Introduction to Data Analysis

The module will give an introduction into the basic techniques for the analysis of experimental data. It will cover among other things the following topics:

• The scientific method
• The concept of probability and its interpretations
• Bayes' theorem
• Random variables
• Probability distributions and their moments
• Important distributions: binomial, multinomial, Poisson and Gaussian distribution
• Multivariate distributions
• Marginal and conditional probability distributions
• Covariance and correlation coefficient
• Functions of (multiple) random variables
• Central limit theorem
• Gaussian uncertainty propagation for n-dimensional functions and covariance matrix
• Statistical and systematic uncertainties
• Parameter estimation using the method of least squares
• Estimating the goodness of fit
• Parameter estimation using the (extended) maximum-likelihood method
• Relation between least-squares and maximum-likelihood method
• Estimating the significance of a signal

After successful completion of this module, students are able to

• understand and apply fundamental statistical concepts
• understand and apply basic data-analysis techniques to suitable data
• apply first-order uncertainty propagation in the most general case
• estimate and correctly interpret statistical and systematic uncertainties
• estimate model parameters by performing fits to (multi-dimensional) data
• estimate the statistical significance of signals in the presence of background
• (when attending the tutorials) develop tools for moderately complex data-analysis tasks using the Python programming language

No preconditions in addition to the requirements for the Master’s program in Physics.

This module consists of a lecture and an excercise course.

The goal of the lecture is to provide a solid theoretical background. To this end, methods and concepts will be derived, where possible, from first principles.

In the tutorials, the concepts that are explained in the lecture will be applied to concrete examples. In small groups of students, short Python programs will be developed. The examples will be mostly from particle physics. However, the tutorials will focus mainly on the statistical aspects of the problems and are prepared such that they do not require deeper particle-physics preknowledge.

Presentation with projector, board work, Smartboard, problem sheets

• G. Cowan: Statistical data analysis, Oxford University Press, (1998)
• R. J. Barlow: Statistics: A Guide to the Use of Statistical Methods in the Physical Sciences, Wiley, (2008)
• S. Brandt: Datenanalyse für Naturwissenschaftler und Ingenieure, Springer Spektrum, (2013)
• B. Roe: Probability and Statistics in Experimental Physics, Springer, (2001)
• M.G. Kendall & A. Stuart: The Advanced Theory of Statistics Vol I-III, Charles Griffin, (1961)
• V. Blobel & E. Lohrmann: Statistische und numerische Methoden der Datenanalyse, Teubner Studienbücher Verlag, (1998) 
• D.S. Sivia & J. Skilling: Data Analysis: a Bayesian Tutorial, Oxford University Press, (2006)
• P.R. Bevington & D.K. Robinson: Data Reduction and Error Analysis for the Physical Sciences, McGraw-Hill, (2002)
• L. Lyons: Statistics for Nuclear and Particle Physicists, Cambridge University Press, (1989)

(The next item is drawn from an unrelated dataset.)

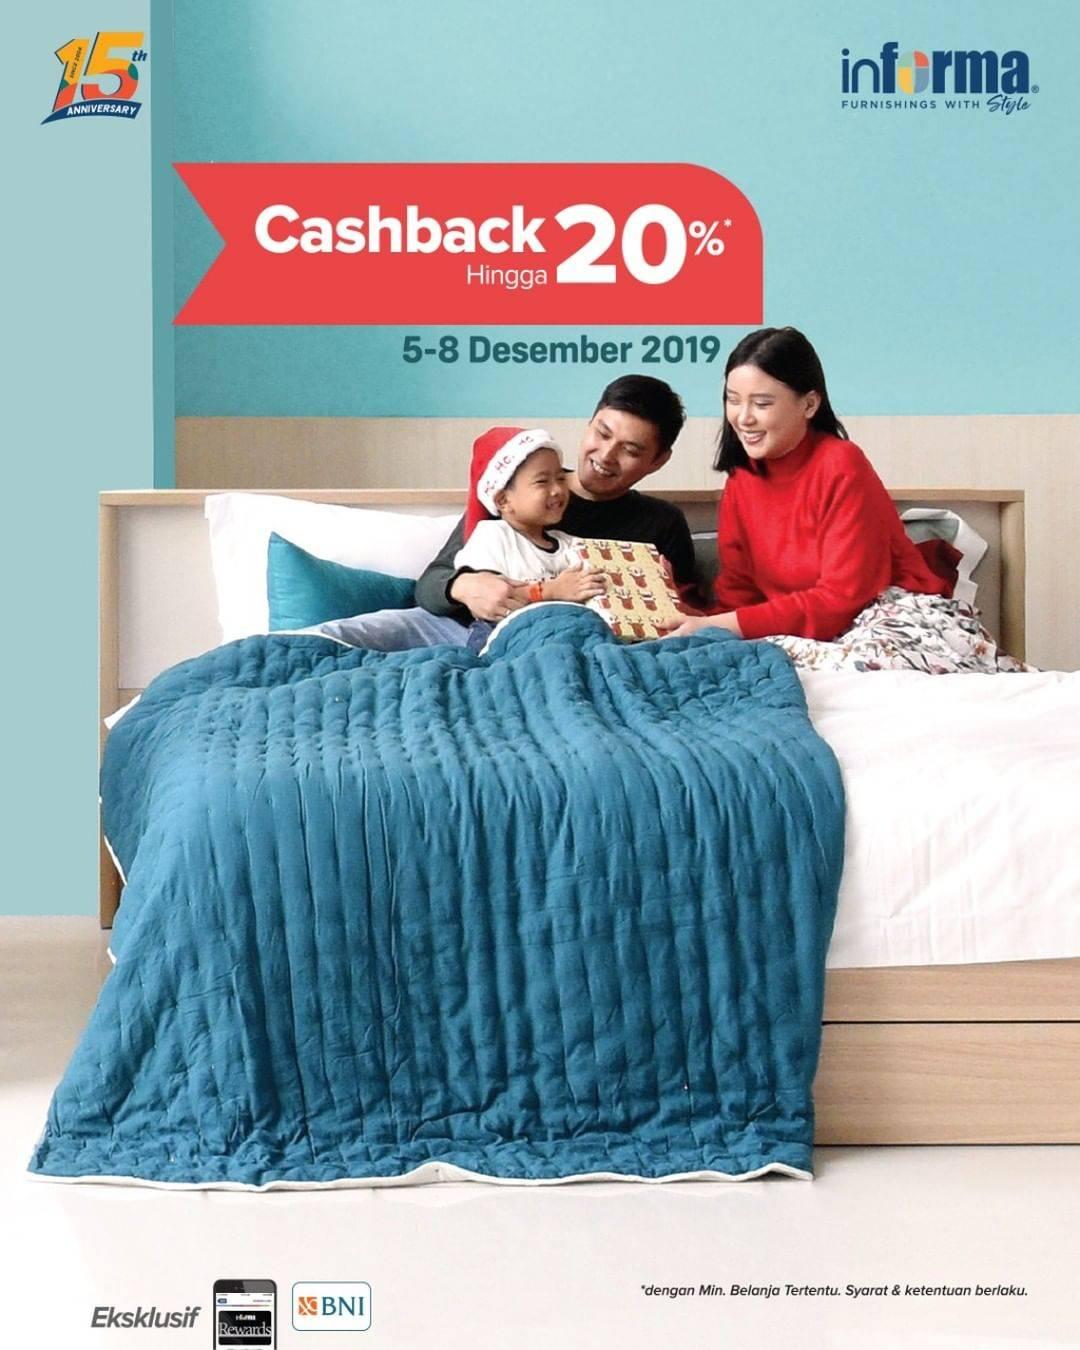 Informa Promo Cashback 20% Untuk Produk Furnitur

There will be an oral exam of 30 minutes duration. Therein the achievement of the competencies given in section learning outcome is tested exemplarily at least to the given cognition level using comprehension questions.

For example an assignment in the exam might be:

• What is the mathematical definition of probability?
• What is the method of least squares?
• What is the method of maximum likelihood estimation?

Participation in the exercise classes is strongly recommended since the exercises prepare for the problems of the exam and rehearse the specific competencies.